© Friederike Hofmann, MATH+
Author: Christian Hercher (Europa-Universität Flensburg)
Challenge
Elf Collean likes to pass her free time by playing with positive integers. In doing so, she has noticed that whenever she considers an odd positive integer n , its triple is odd again; that is, 3n+1 is divisible by two. Therefore, she invents the following two rules to calculate a positive integer from a given positive integer n :
- If the given number n is even, she divides it by two and gets another positive integer, namely \tfrac{n}{2} . Since the result is smaller then the starting number, Collean calls this operation a decreasing step.
- If the given number n is odd, she first multiplies it by three, then adds one, and finally divides everything by two. The result \tfrac{3n+1}{2} is, as we have seen above, another positive integer. Here, the result is bigger than the starting number. Hence, Collean calls this operation an increasing step.
In this way, starting with any positive integer, Collean produces more and more positive integers. For example, if she starts with the number 11, the next number she gets is 17, then 26, 13, 20, 10, 5, 8, 4, 2, and finally 1. Then, something peculiar happens: after 1, according to her rules, she gets 2 again, then 1 again, then 2 again, and so on.
Collean wonders if this is always the case: no matter what number you start with, do you always eventually end up with this loop from 1 to 2 and back? All the examples she calculates point in this direction. Of course, this is far from being a proof …
However, as a mathematically interested elf, she is not satisfied with stating such a conjecture. Although its proof is probably still beyond her reach, she is perhaps able to make some related observations and then prove or disprove them.
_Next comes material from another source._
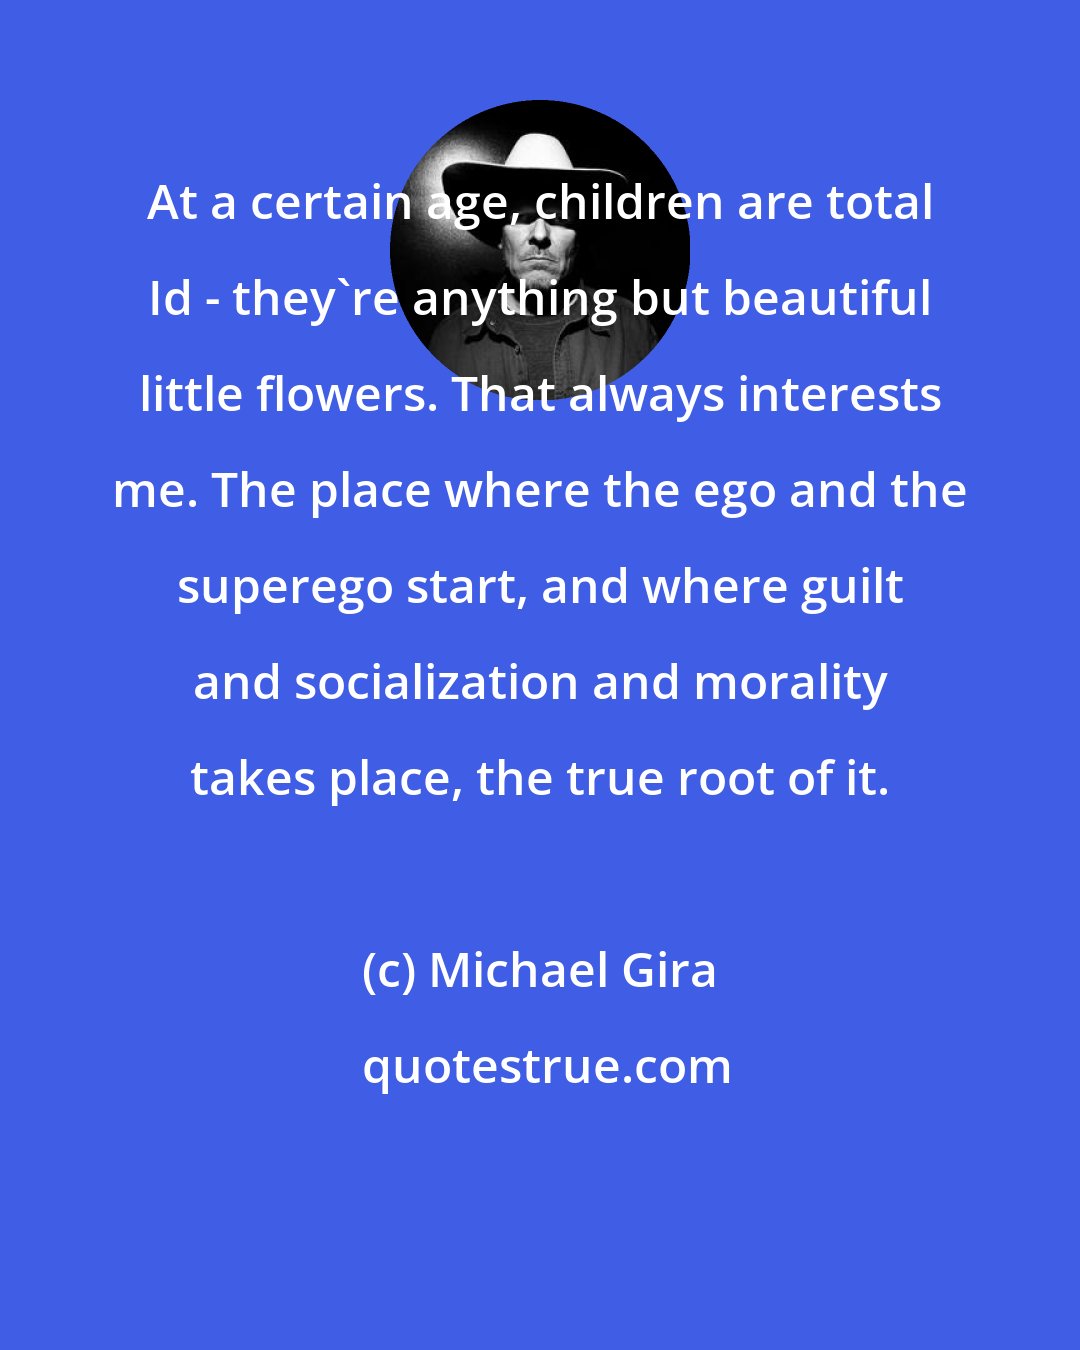 Michael Gira: At a certain age, children are total Id - they're anything but beautiful little flowers. That always interests me. The place where the ego and the superego start, and where guilt and socialization and morality takes place, the true root of it.

Thus, she postulates the following claims concerning her two rules:
Claim A: If a positive integer n can be written as a\cdot 2^k-1 (where a and k are positive integers), then starting with n one can perform at least k increasing steps in a row.
Claim B: There is a positive integer n which is followed only by increasing steps.
Claim C: Let n be an odd positive integer that is first followed at least one increasing and then two decreasing steps in a row, resulting in a number m . Then, this number m could have also been obtained by starting with \tfrac{n-1}{2} .
Claim D: If there exist starting numbers that will never reach 1, then the remainder of the smallest of these numbers when divided by 6 is 1 or 3.
Which of the above claims are correct?
Possible answers:
- All four claims are correct.
- A, B, and C are correct, D is wrong.
- A, B, and D are correct, C is wrong.
- A, C, and D are correct, B is wrong.
- B, C, and D are correct, A is wrong.
- A and B are correct, C and D are wrong.
- B and C are correct, A and D are wrong.
- A is correct, B, C, and D are wrong.
- D is correct, A, B, and C wrong.
- All four claims are wrong.
Sunday Bonus + Error: For this challenge, you will get a time bonus of 48 hours.